What is the latest treatment for bladder cancer?

Bladder cancer latest treatment

How is bladder cancer treated? 

There are so many different types and stages of bladder cancer that therapy varies widely among individual patients. A single papillary tumor may be successfully treated by electrically destroying the tissue. When the tumor is malignant and extensive, it may be necessary to remove the entire bladder. Multiple tumors, even at an early stage, are usually treated by surgical removal of the tumors themselves as well as surrounding tissue. Following surgery, a solution containing an anticancer drug may be instilled into the bladder to decrease the chance of the tumors recurring. If surgery is not available, radiation therapy can be used to destroy the cancer. Tumor killing doses of radiation can be delivered to the bladder without excessive damage to overlying tissues, permitting the cure of some advanced tumors not suited to surgical removal. Radioisotopes and chemotherapy are also used in the treatment of bladder cancer. Sometimes radiation is used before the operation in bladder cancer.

How is a diagnosis of bladder cancer made? 
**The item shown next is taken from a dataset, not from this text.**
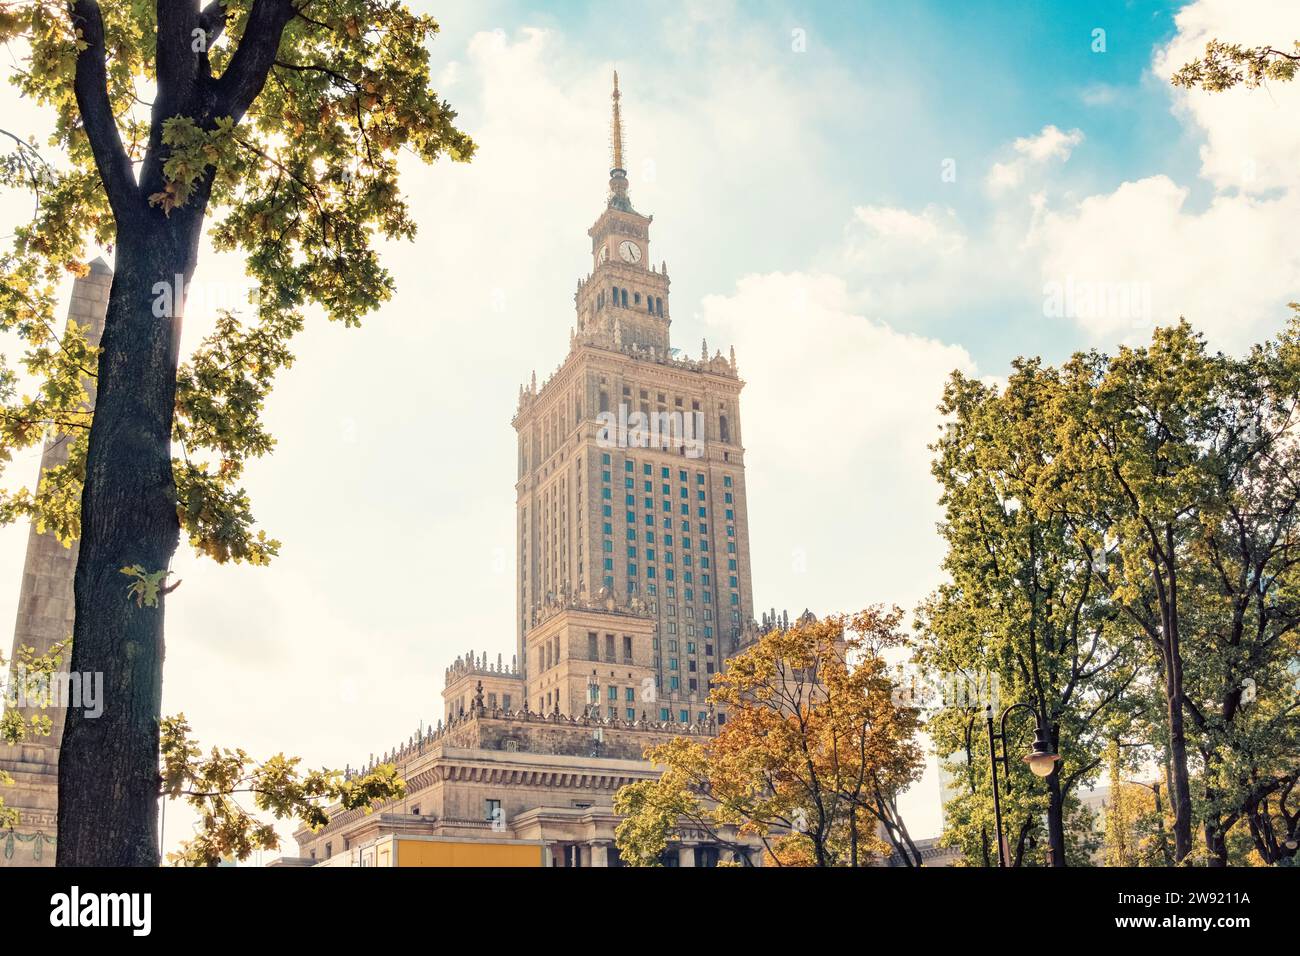 Poland, Mazowieckie, Warsaw, Palace of Culture and Science seen from park Stock Photo

A urologist usually performs an examination with a cystoscope, which allows him to inspect the lining of the urinary bladder. If any suspicious looking areas or growths are observed, a piece of tissue is removed for microscopic examination without major surgery. The examination involves little time or discomfort. Cystograms, made after filling the bladder with an opaque solution, give further information about the size of the tumor and the width of its base. Intravenous pyelograms can be done to outline the ureters and upper urinary tract. Microscopic study (cytology) of the urine for presence of cancer cells sloughed off by the bladder is routine.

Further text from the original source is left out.